Idaho’s Child Welfare program has received federal approval to broaden its use of federal funds to include in-home preventive and treatment services for families who are struggling, with an aim to keep children in their homes and out of foster care.

The $83 million demonstration waiver is a five-year pilot program in which federal funds currently earmarked for out-of-home foster care and adoption payments can be used for treatment and preventive services.  With in-home services, Department of Health and Welfare social workers can help stabilize family crises so some children can safely remain in their homes. The demonstration waiver begins July 1, 2014.

“We know we can achieve better outcomes for children if we can keep them safely with their families while we help them work through their issues,” says Rob Luce, administrator for the Division of Family and Community Services. “The problem in providing preventive and treatment services is the lack of funding—the majority of our federal funds are restricted to out-of- home placements. We want more flexibility to provide services to avert placement, which we hope will improve outcomes and save taxpayer dollars.”

The Idaho Child Welfare program plans to use this funding flexibility to help fund services that include:

  1. Trauma-Informed Services: Most abused or neglected children and their parents have suffered from a major traumatic event in their lives. Trauma Informed Services addresses the trauma to reduce stress and safety issues for the family.
  2. 2. Family-Group Decision-Making: Engages extended family and friends of a struggling family for their support in protecting the children and helping the parents deal with issues that pose a safety threat.
  3. Evidence-Based Parenting Classes: Evidence-based classes give parents the tools they need to provide a safe environment for their children.

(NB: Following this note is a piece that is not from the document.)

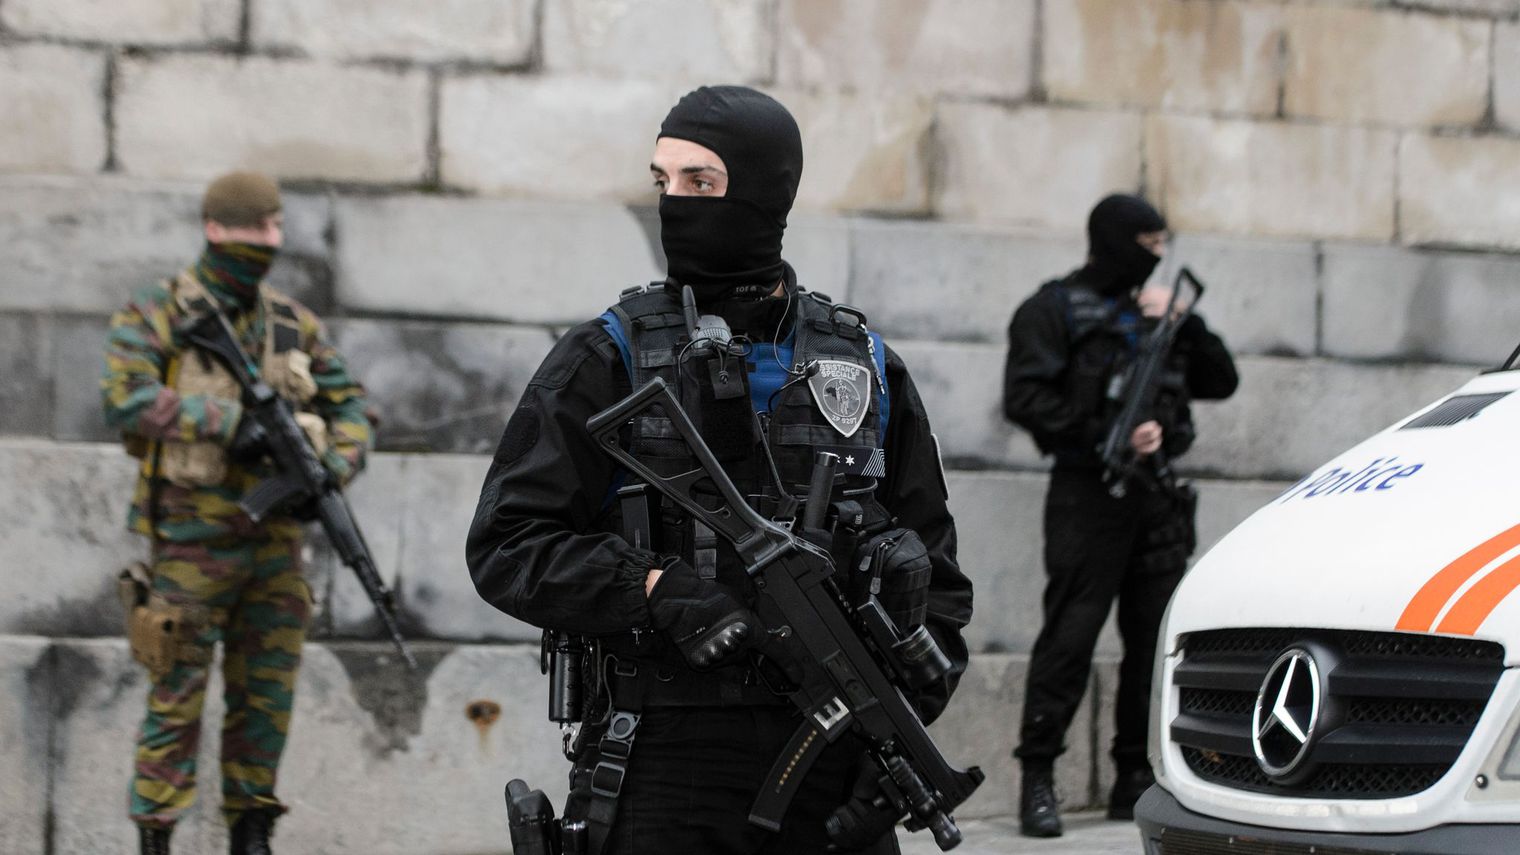 أوروبا تستنفر قواتها لمواجهة تهديدات كيماوية من داعش

Funding also will be used for families who have been reunited with their children after placement in foster care to address issues that might arise.  These in-home services may allow children to remain safely in their homes and not reenter foster care if problems arise.  “We believe this opportunity may impact the national model of child welfare services from one that reacts to abuse and neglect, to one that focuses on prevention and stabilization when possible,”  Luce says.

The Idaho Child Welfare program provided foster care services for 2,388 children during SFY 2013. On any given day in Idaho, there are approximately 1,300 children in foster care.  Federal funding is based on the number of children in out-of-home placements. With this waiver, however, funding will not decrease if the state is successful in reducing the number of foster children by providing more in-home services. Any savings the state realizes over the course of the demonstration waiver will be reinvested in the Idaho Child Welfare program.